Franco kam zu spät zum Treffen mit Hitler
1929 gebaut von der Spanischen Gesellschaft für Schiffsbau ging der Waggon zuerst an das Ministerium für öffentliche Bauten und war gedacht für die höchsten Würdenträger des Staates. Die Königsfamilie nutzte ihn für Privatreisen. Nach dem Spanischen Bürgerkrieg (1936-1939) stand er dann Franco zur Verfügung.
In den 1950er Jahren wurde der Waggon außer Dienst genommen, später versteigert und von einem Antiquitätenhändler erworben. 1984 nahm sich das Eisenbahnmuseum in Madrid des Waggons an und brachte ihn nach Soria, in eine der kältesten und bevölkerungsärmsten Gegenden Spaniens. Am stillgelegten Bahnhof von Almazán war Platz, doch dort stand der einst so luxuriöse Zugteil auf dem Abstellgleis. Er diente einem Obdachlosen als Unterschlupf – bis Adema auf den Plan trat. 1997 unterschrieb die Organisation einen Vertrag, mit dem sie die Restaurierung übernahm.

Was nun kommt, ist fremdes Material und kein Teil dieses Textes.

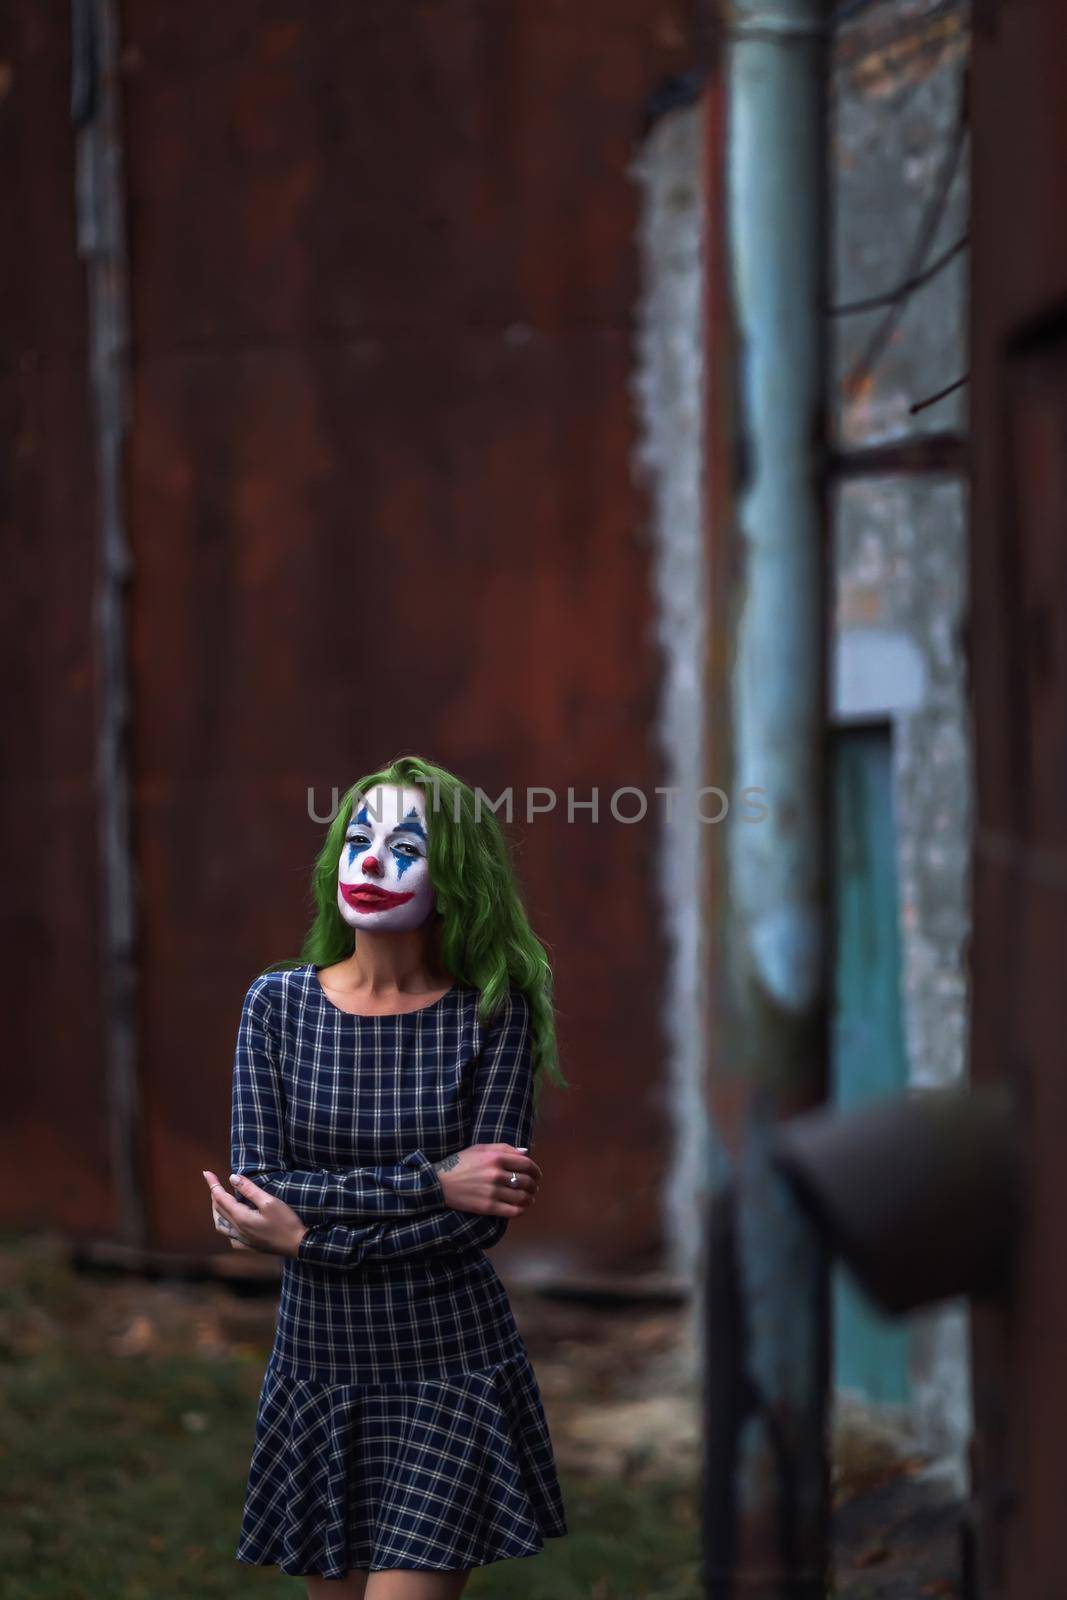 Portrait of a greenhaired girl in chekered dress with joker makeup on a atmospheric rusty metal wall background.

«Wir haben versucht, den Waggon zu restaurieren, in Zusammenarbeit mit einer Werkstatt für schwer vermittelbare Arbeitssuchende», erklärt Muñoz. Auf diese Weise gelang es, einen guten Teil des Innenraums wiederherzustellen, doch Geldmangel im Zuge der schweren Wirtschaftskrise in Spanien 2008 würgte die restlichen Arbeiten ab. Jetzt will die Stadtverwaltung 200.000 Euro auftreiben, die ihrer Einschätzung nach nötig sind, um die Restaurierung abschließen und ein kleines Eisenbahnmuseum bauen zu können.

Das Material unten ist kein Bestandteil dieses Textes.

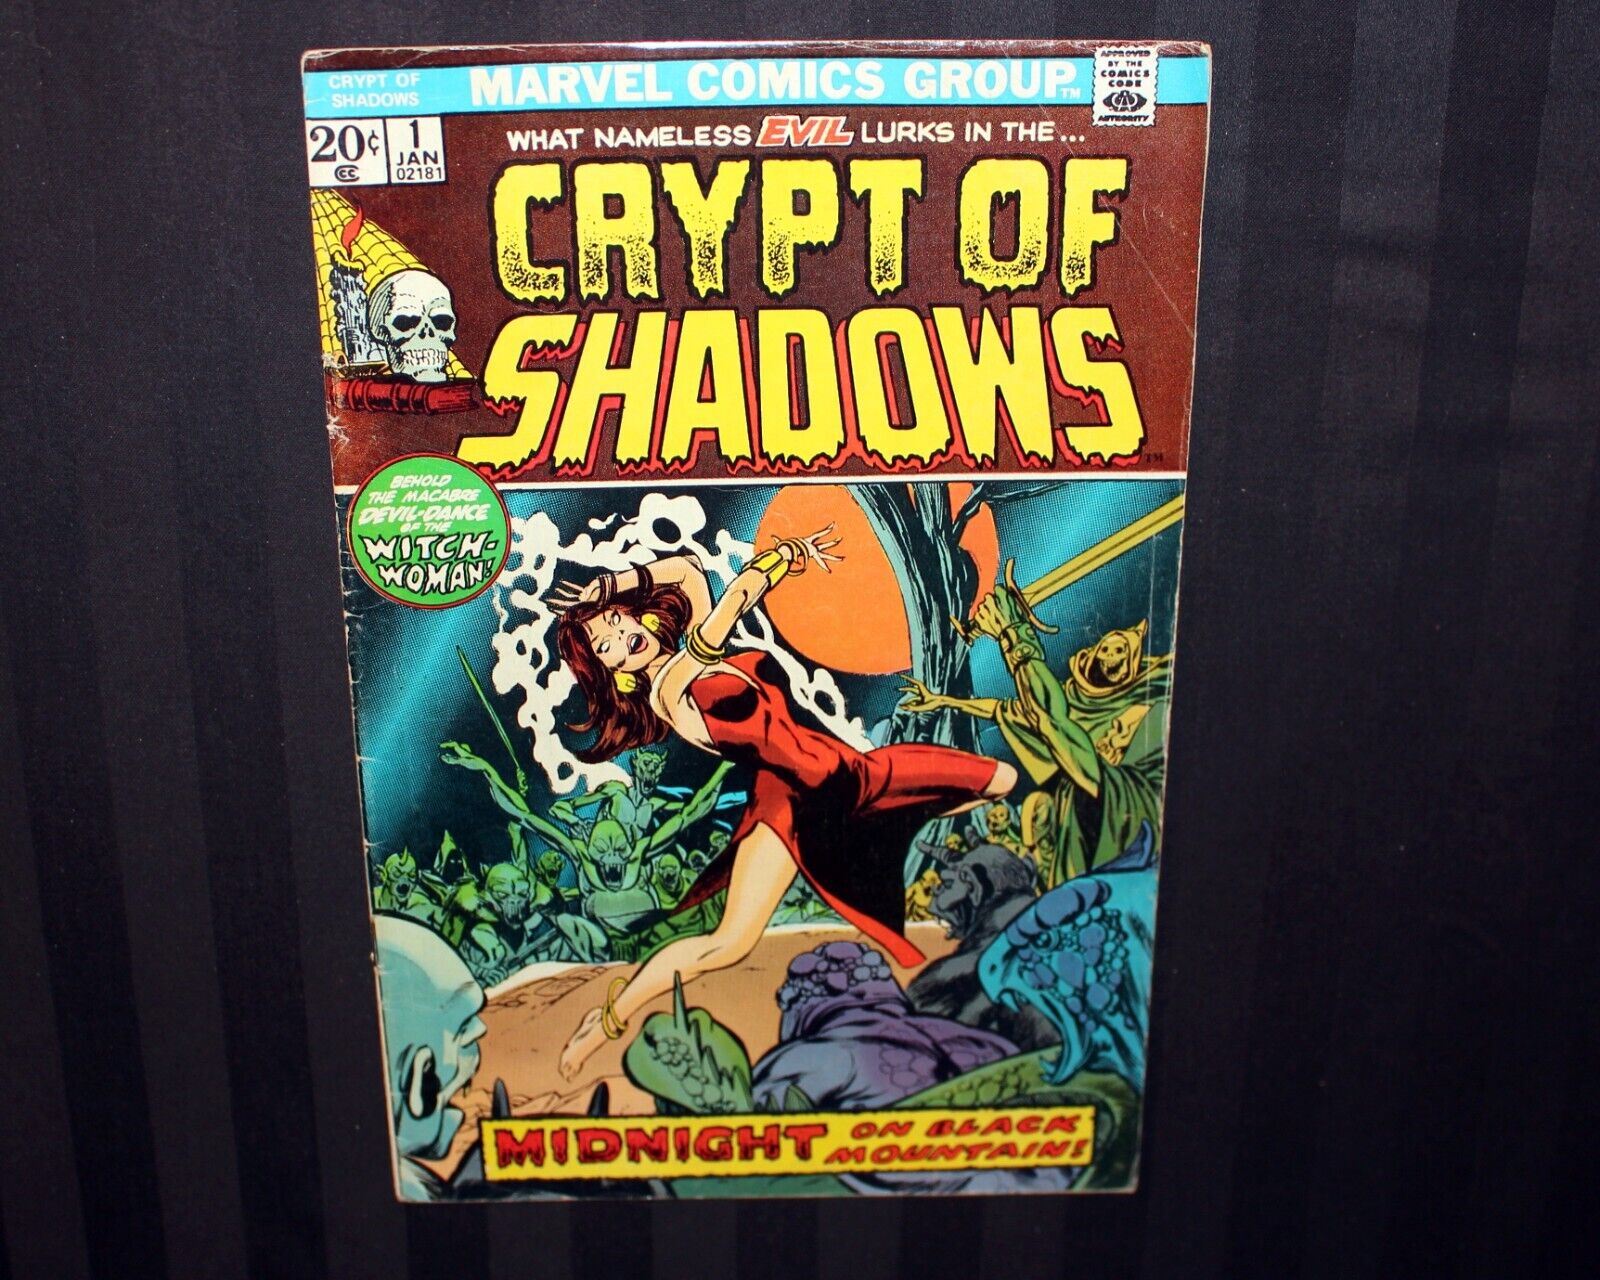 Vintage Bronze Age Marvel - CRYPT OF SHADOWS #1 1973 - Gil Kane Witch Woman, FN-

«Das wäre eine Touristenattraktion ersten Grades», sagt José Antonio de Miguel, der Bürgermeister von Almazán. «Der Waggon war das Flaggschiff der Flotte von Luxuszügen in Spanien.» Deshalb verhandelt er nun mit der Bahngesellschaft Adif, um das Grundstück des alten Bahnhofs zu kaufen.

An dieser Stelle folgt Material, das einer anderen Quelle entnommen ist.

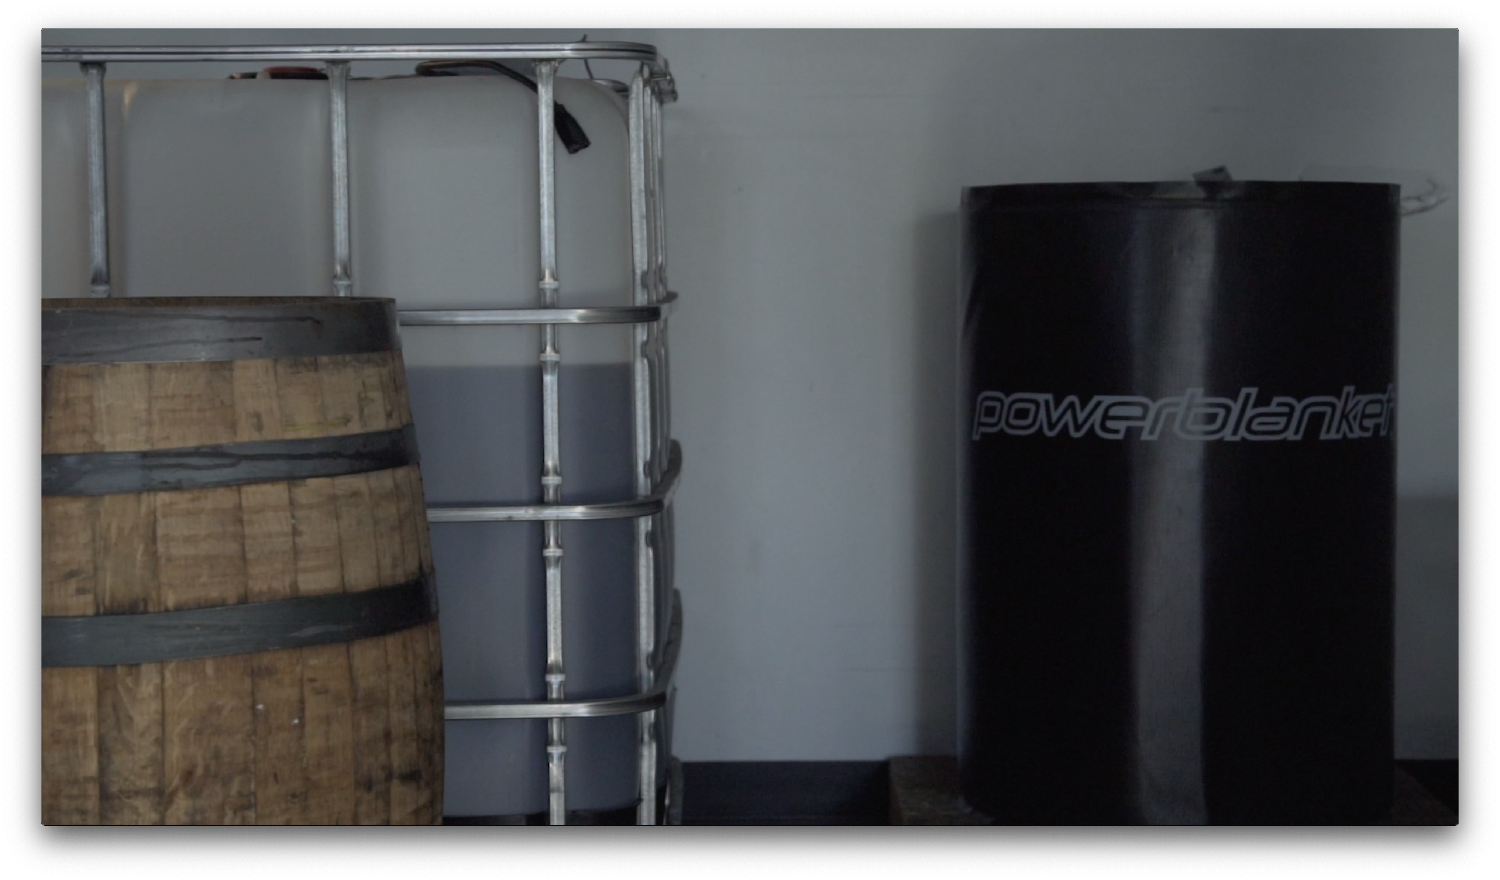 The Powerblanket drum heater in action at a local distillery

Zu dem berühmten Treffen mit Hitler kam Spaniens Diktator übrigens acht Minuten zu spät. Schon das ärgerte Hitler. Nichtsdestotrotz schüttelten sich die Machthaber auf dem Bahnsteig die Hände, Fotos zeigen einen strahlenden Hitler. Das Treffen hingegen kam eher einem Zerwürfnis gleich. Denn Hitler wollte die Gegenleistungen nicht erfüllen, die Franco für Spaniens Eintritt in den Zweiten Weltkrieg verlangte.
Während «El Caudillo» (der spanische Führer) sprach, «gähnte (Hitler) 15 bis 20 Mal am Stück mit einer erschreckend schlechten Erziehung», erzählte Ramón Serrano Suñer, der Franco als Minister nach Hendaye begleitet hatte, später in einem Fernsehinterview. Auch der Lokführer muss die schlechte Stimmung gespürt haben. «Da war keine Einigung drin», habe er ihr noch am selben Tag gesagt, berichtete seine Frau im Fernsehen. Spanien blieb offiziell «nicht-kriegsführend» und unterstützte das Deutsche Reich lediglich von 1941 bis 1943 mit der «División Azul» (Blauen Division) im Russlandfeldzug. Francos Herrschaft endete erst 30 Jahre nach Kriegsende mit seinem Tod 1975.